WHAT YOU NEED TO DO: Where an image appears in the data, omit it and reproduce the rest exactly.

RECORDED INFORMATION:

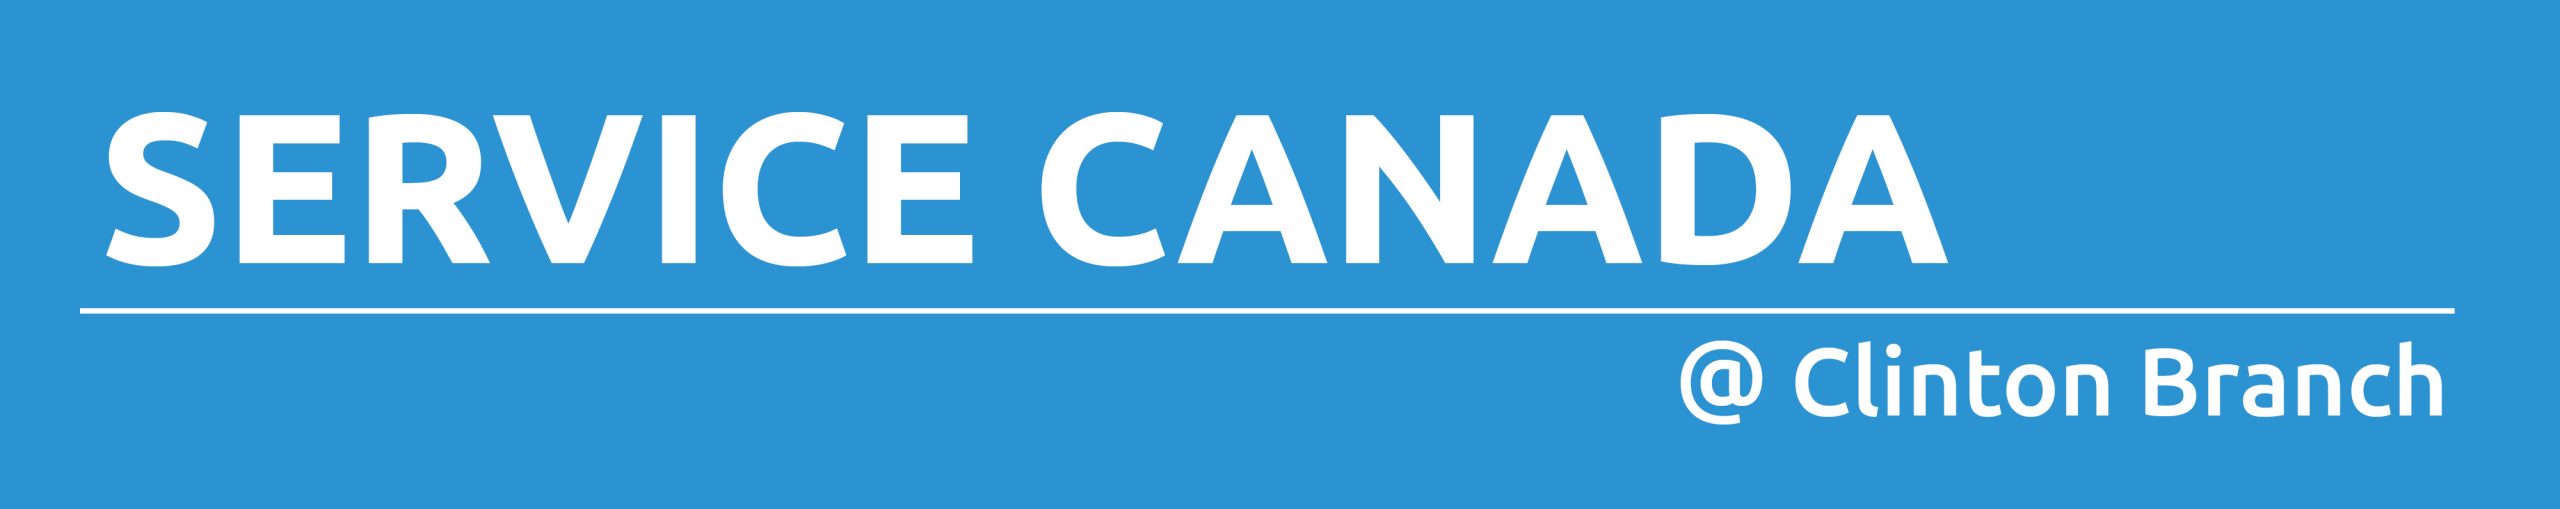 Light blue rectangle with text promoting Service Canada at Clinton Branch
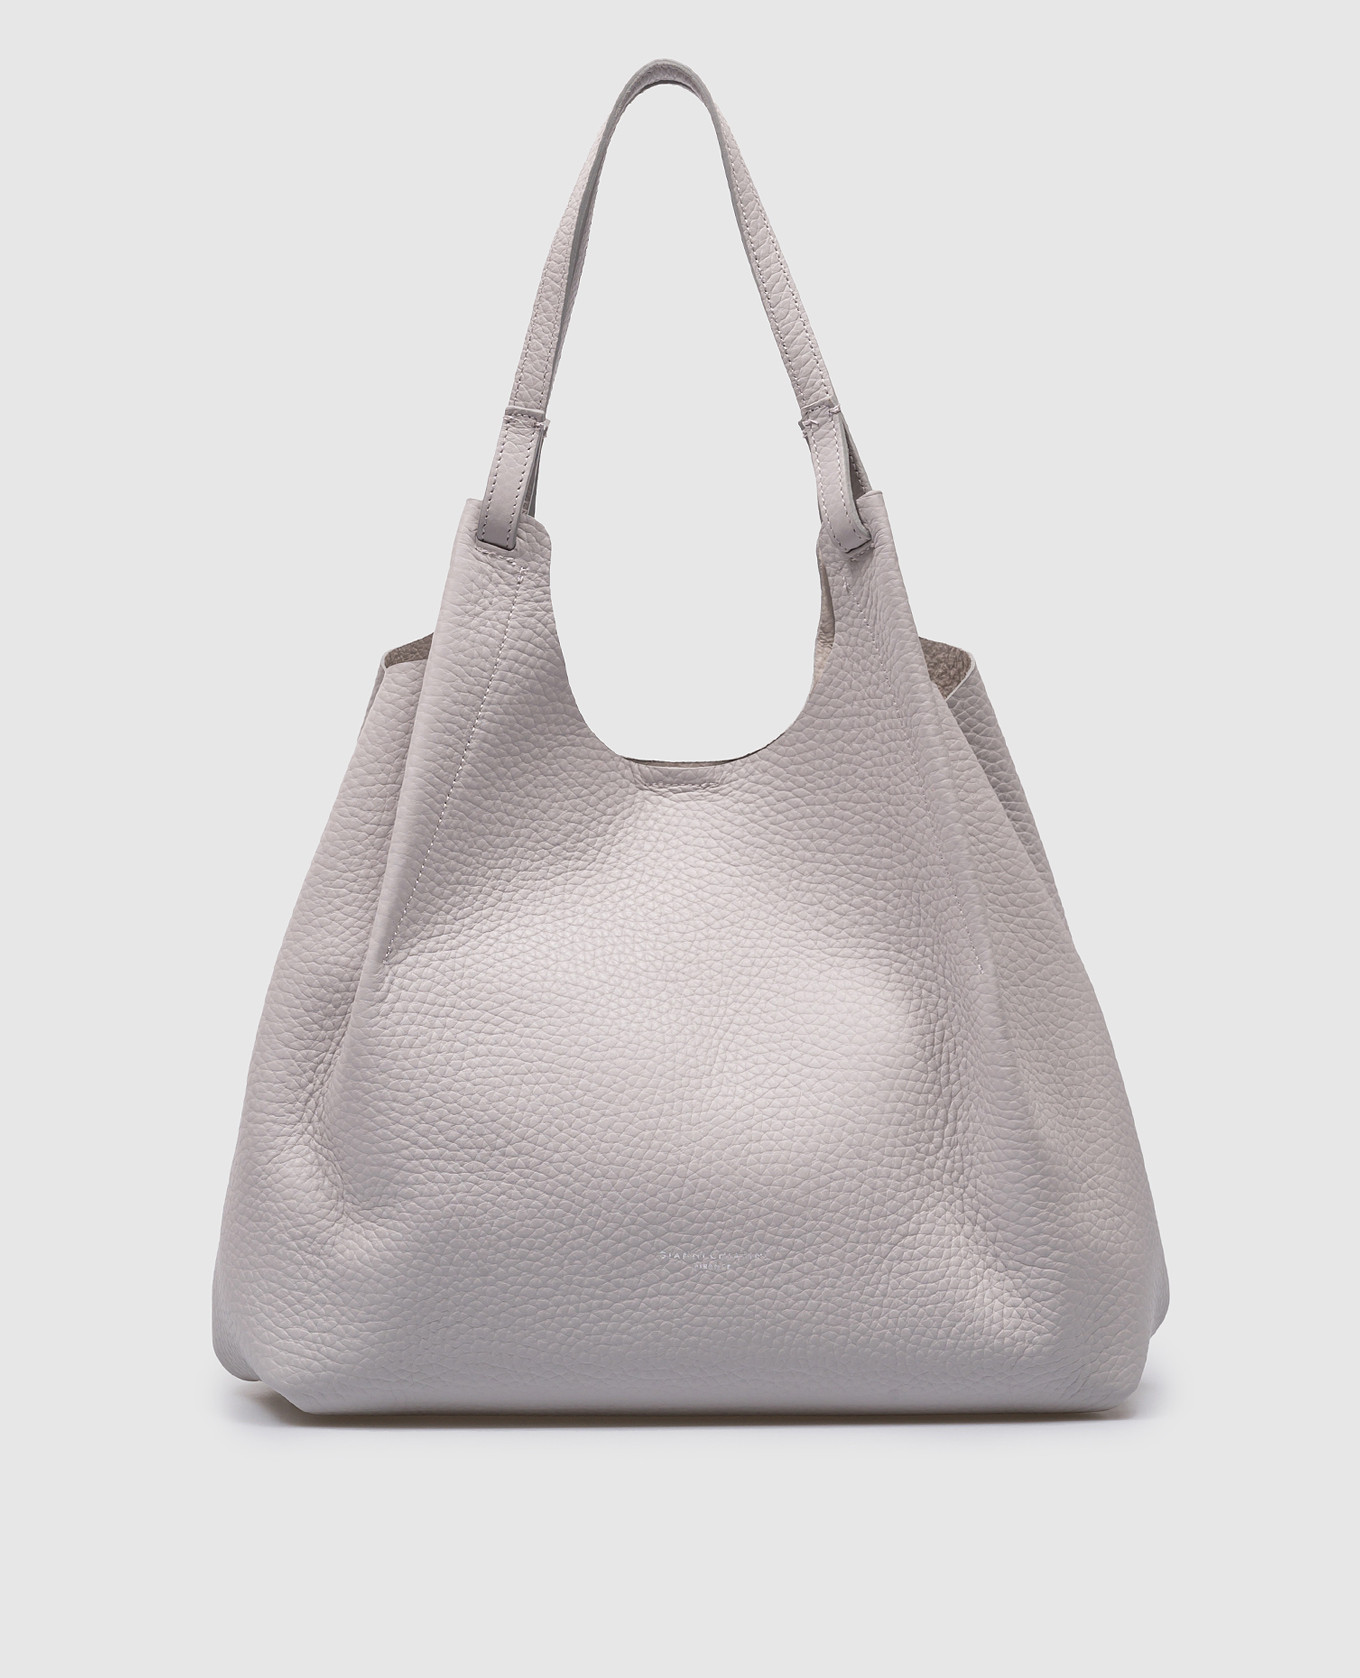 Dua logo tote in gray leather
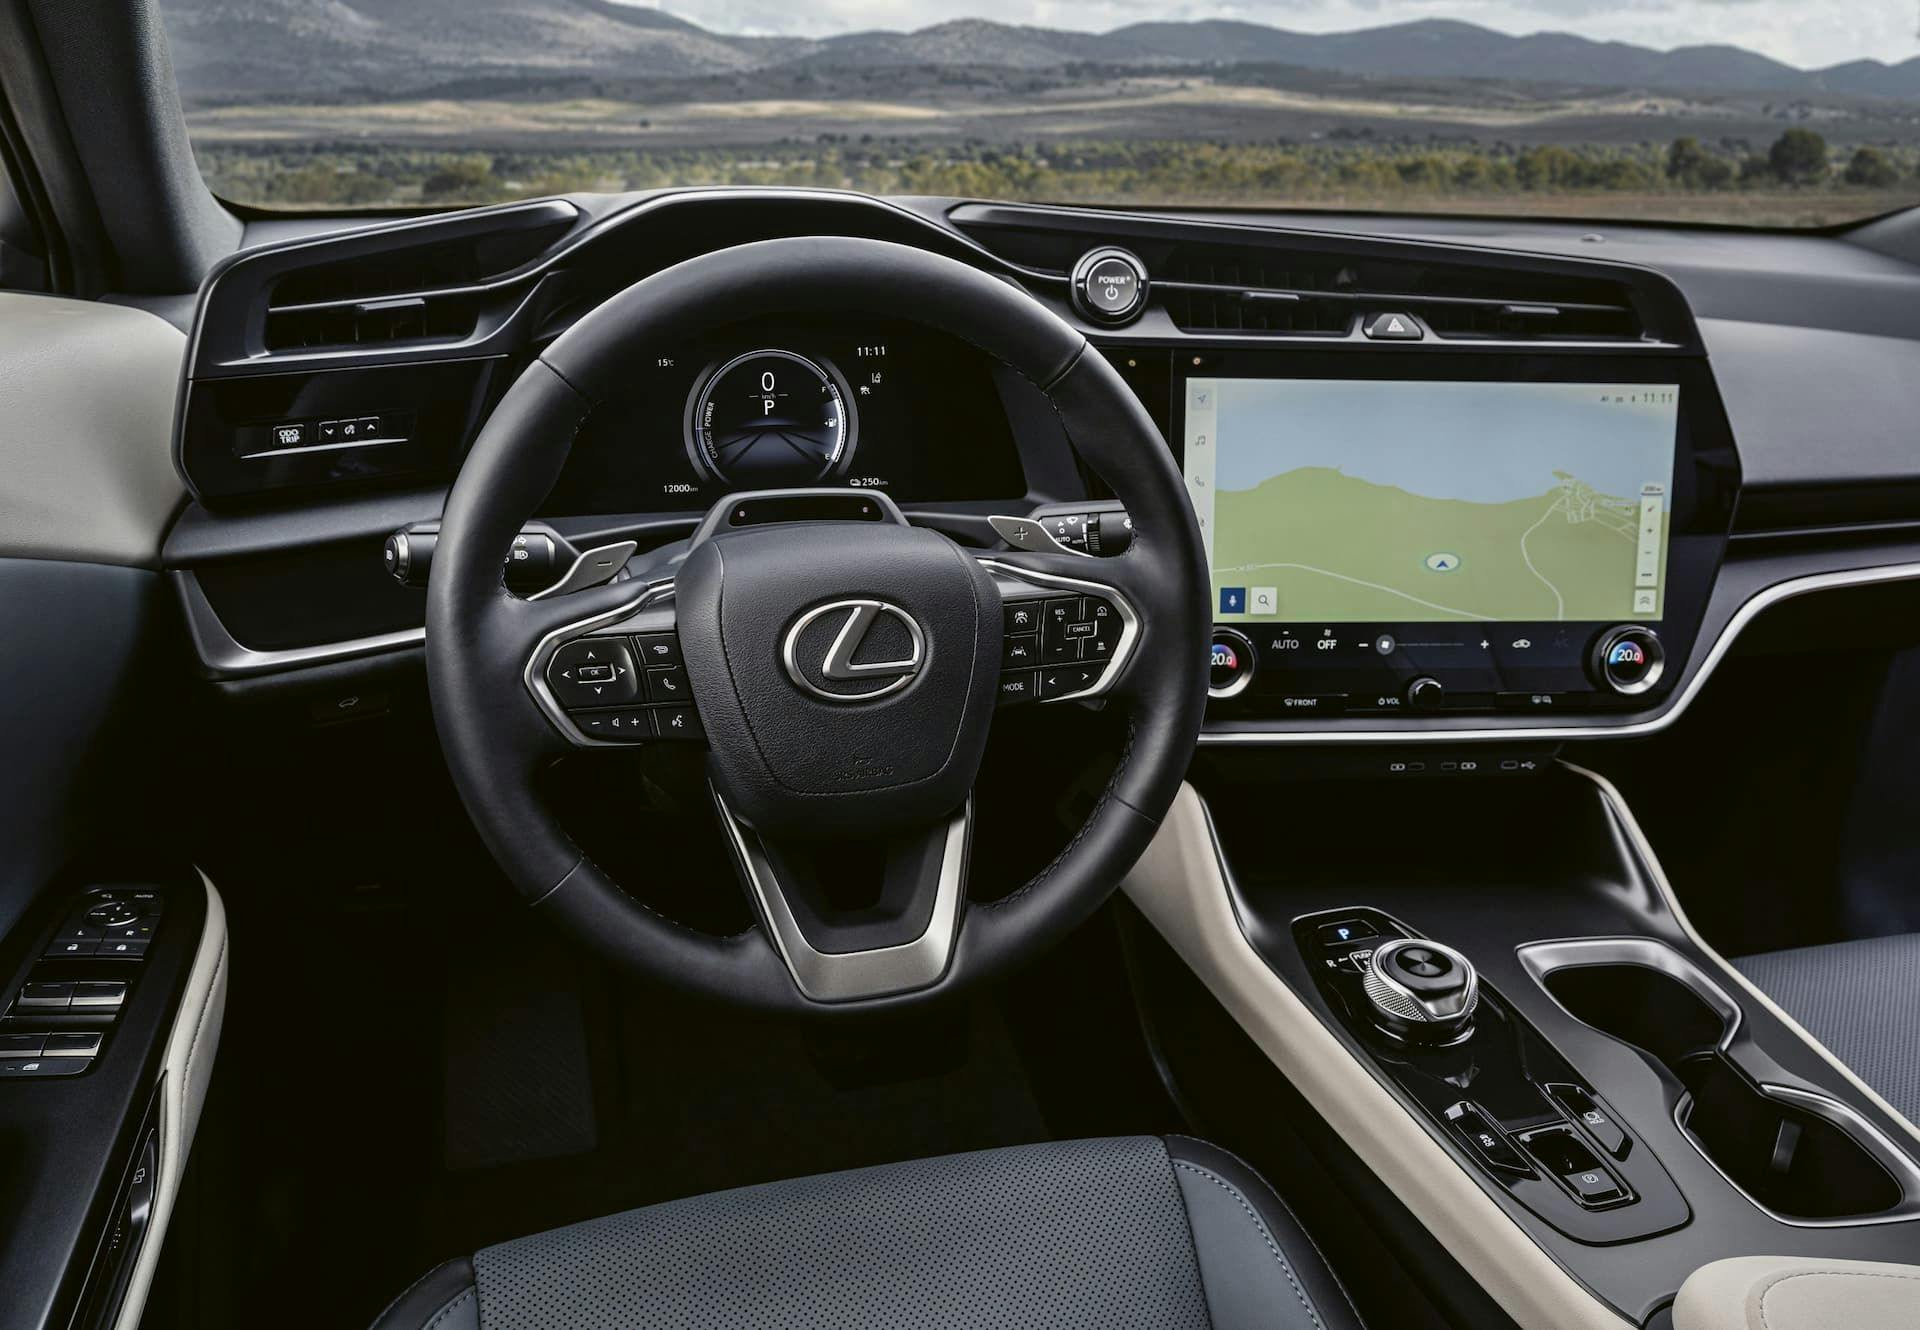 Lexus RZ interior with three-spoke steering wheel and touchscreen displaying map

TASK OUTPUT:
 Light blue rectangle with text promoting Service Canada at Clinton Branch
 Dua logo tote in gray leather
 Lexus RZ interior with three-spoke steering wheel and touchscreen displaying map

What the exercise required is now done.